Serial interval times for measles during a long journey on a sailing vessel

Description

Measles broke out during a sailing ship passage from England to Australia involving six persons on the ship. Serial interval times, i.e. the time of clinical onset between successive cases in a chain of transmission, were recorded. The interval times for the first three cases was not observed completely as they brought measles on board.

Usage

measles_sailer

Format

A data frame with 6 rows and 4 variables:

generation

Disease generation on sailer

symptomOnset

Days of first symptoms since the start of the journey

serialInterval

Days between successive cases in chain of transmission, from symptom to symptom

status

Status indicator for serial interval time: 0 right-censored vs 1 for observed

Details

In 1829, the British sailing vessel HMS America carried 176 prisoners from England to New South Wales, Australia. Alexander Stewart, the ship surgeon, recorded cases of measles during the passage in his medical journal. The journey started on 4 March 1829. A guard, who embarked from Chatham (England), was the first measles case when the ship berthed at Woolwich (England) on 28 March 1829. The measles began affecting children of the guards on 31 March 1829 and spreading to some of the soldiers, later.

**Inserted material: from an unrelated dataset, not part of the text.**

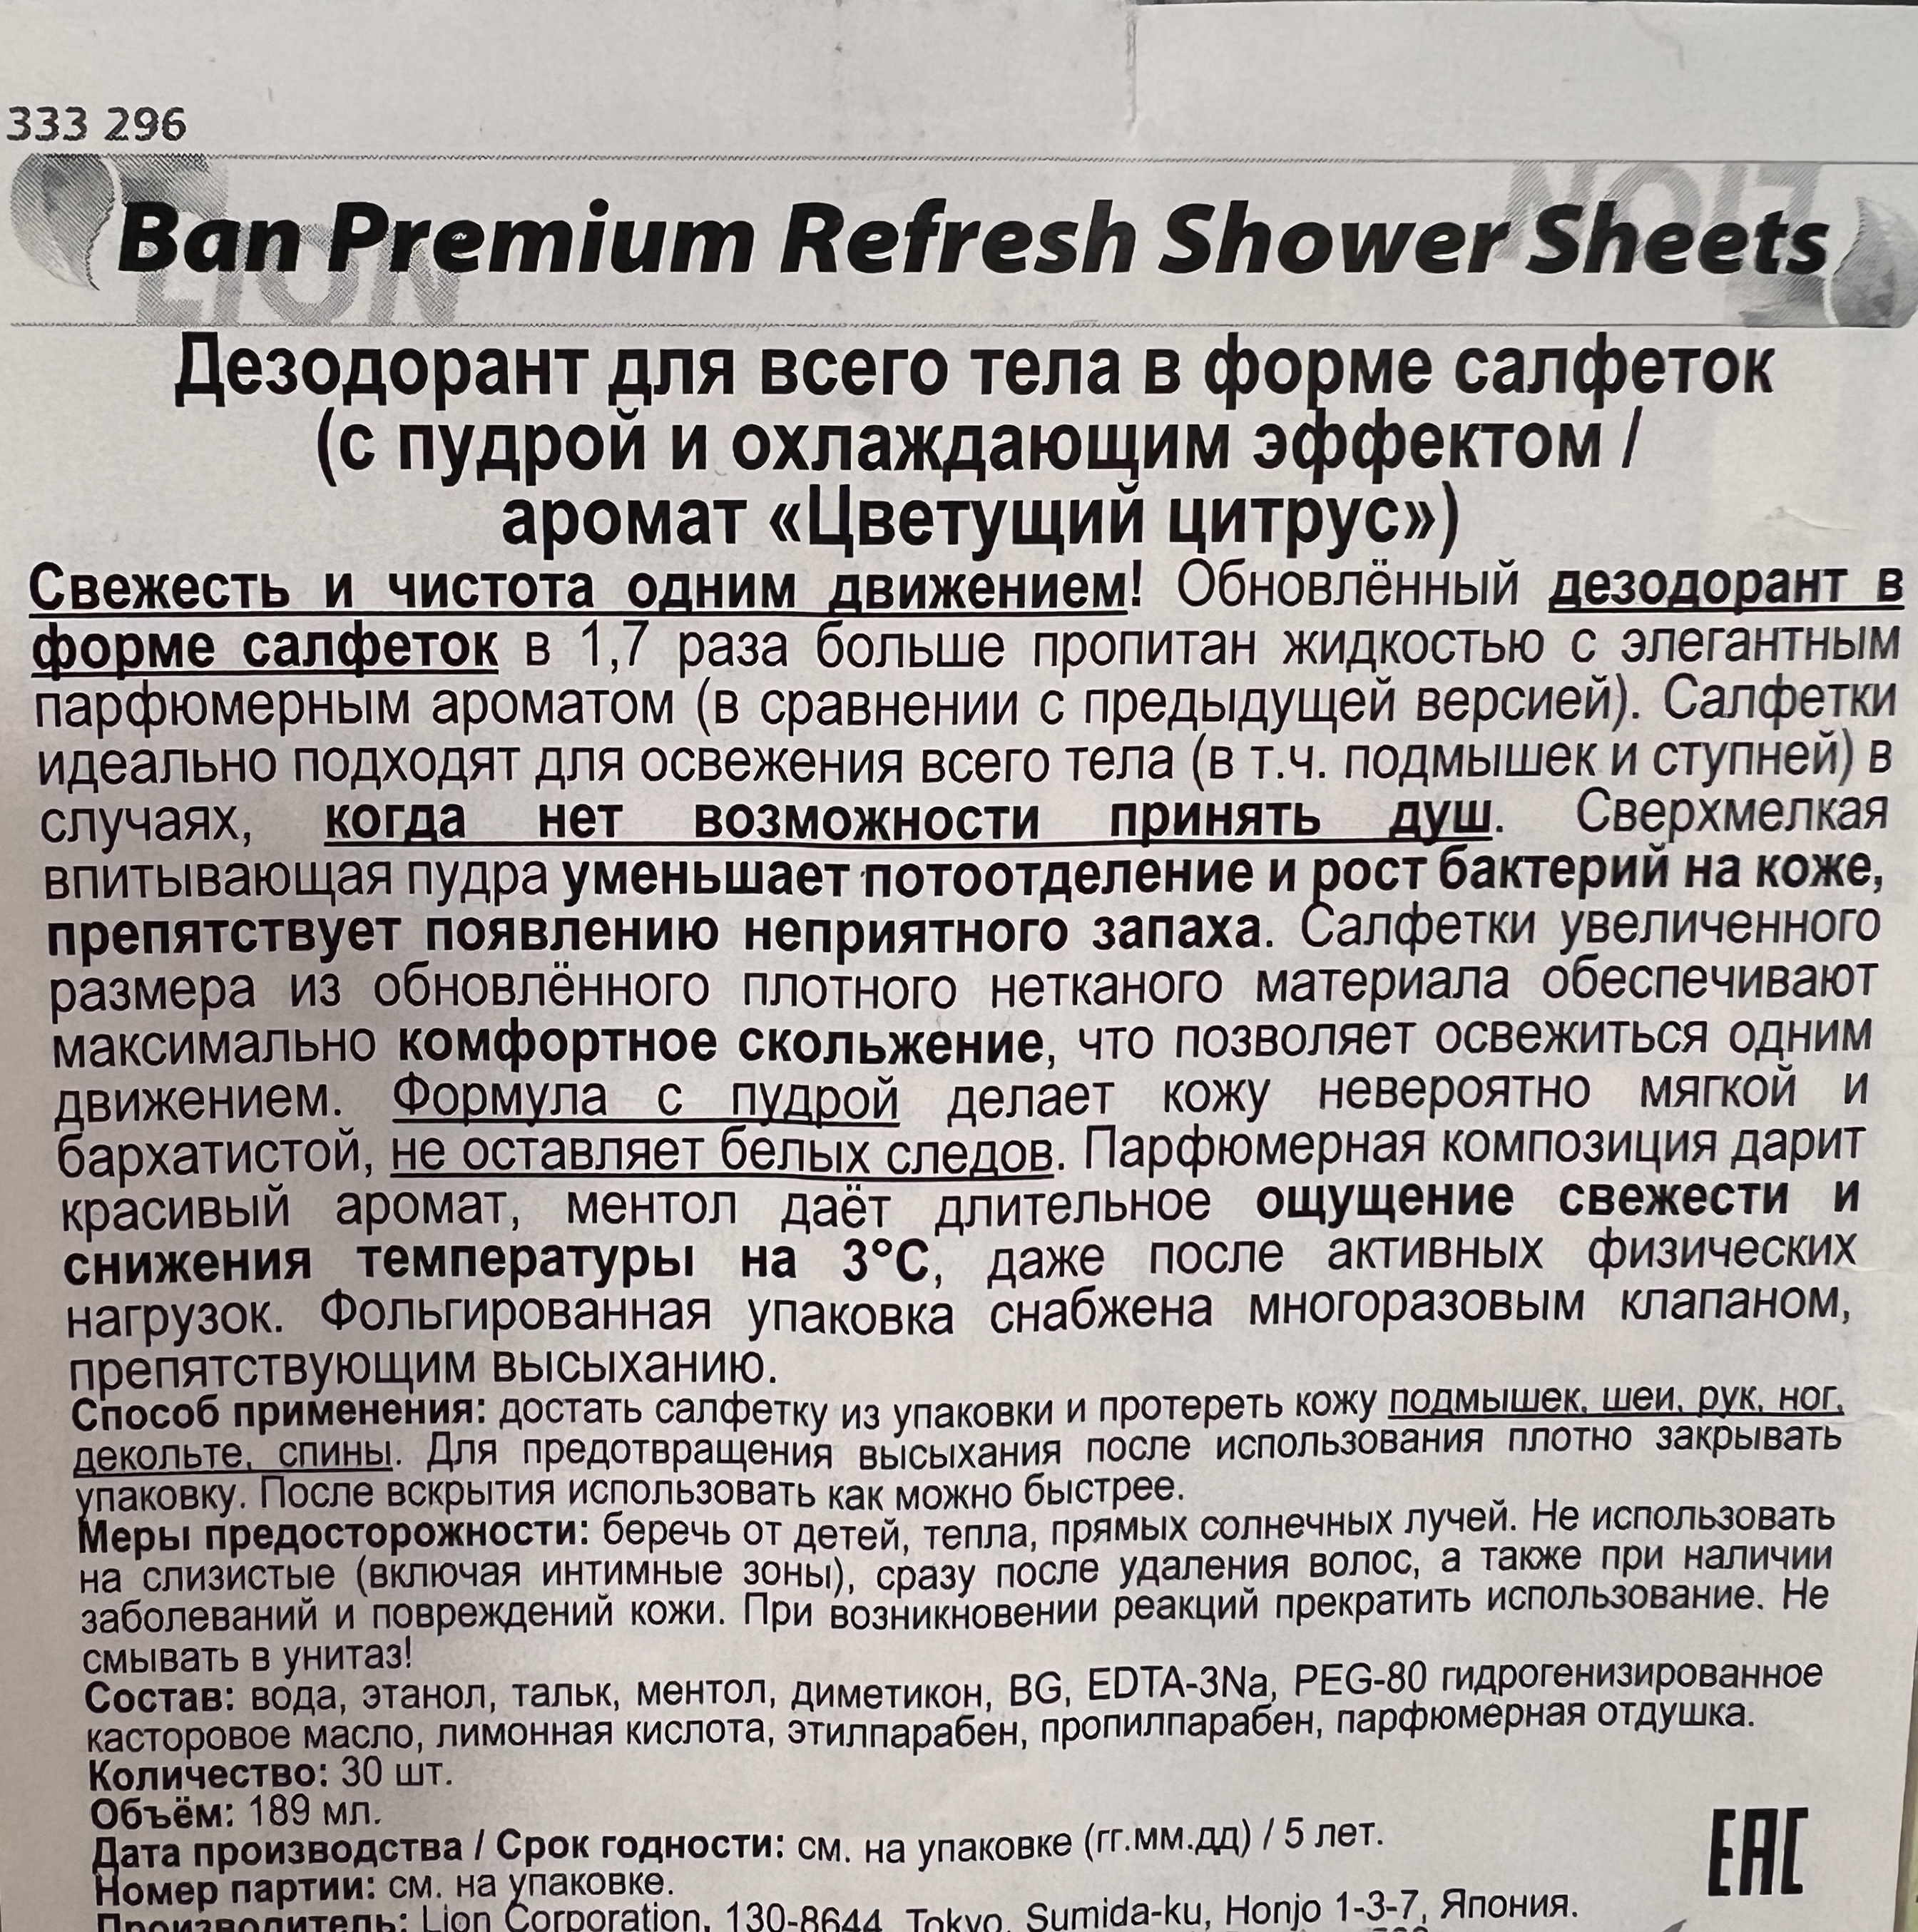 Дезодорант для всего тела в форме салфеток LION Ban Premium Refresh Shower Sheets (с пудрой и охлаждающим эффектом / аромат Цветущий цитрус) 30 шт. / 24

In the medical journal, it is not clearly said if clinical onset is defined as fever or rash. The first generation of measles on the sailer comprises three cases for which we assume the minimum serial interval time for measles which is generally estimated to be six days (for both, fever-to-fever and for rash-to-rash).

Source

Records of the Admiralty, Naval Forces, Royal Marines, Coastguard, and related bodies, ADM 101/2/3, ⁠https://discovery.nationalarchives.gov.uk/details/r/C4106406⁠

References

Paterson BJ, Kirk MD, Cameron AS, et al. Historical data and modern methods reveal insights in measles epidemiology, BMJ Open 2013;3:e002033. doi:10.1136/bmjopen-2012-002033

Fine PE. The interval between successive cases of an infectious disease. Am J Epidemiol. 2003;158(11):1039-1047. doi:10.1093/aje/kwg251


Minimize an objective function with alternative optimizer

Description

The primary optimization routine is BFGS from stats::optim. If this fails for some reason we try an alternative which is implemented here. It can use the derivative-free minimizaiton through bobyqa or the PORT-routine nlminb.

Usage

minObjFunAlt(
  objFun,
  start,
  lower = -Inf,
  upper = +Inf,
  verbose = 0,
  method = c("bobyqa", "nlminb")
)

Arguments

objFun

function to minimize

start

vector of start values for parameters

lower

numeric. lower bound for parameters (boxed constraint)

upper

numeric. upper bound for parameters (boxed constraint)

verbose

numeric. Verbosity level

method

Specifies which optimizer to use

Details

This is only a thin wrapper to the chosen alternative optimizer.

Value

optimization object with some common entries like parOpt, valOpt convergence, methodOpt and counts. Or NULL in case of failure.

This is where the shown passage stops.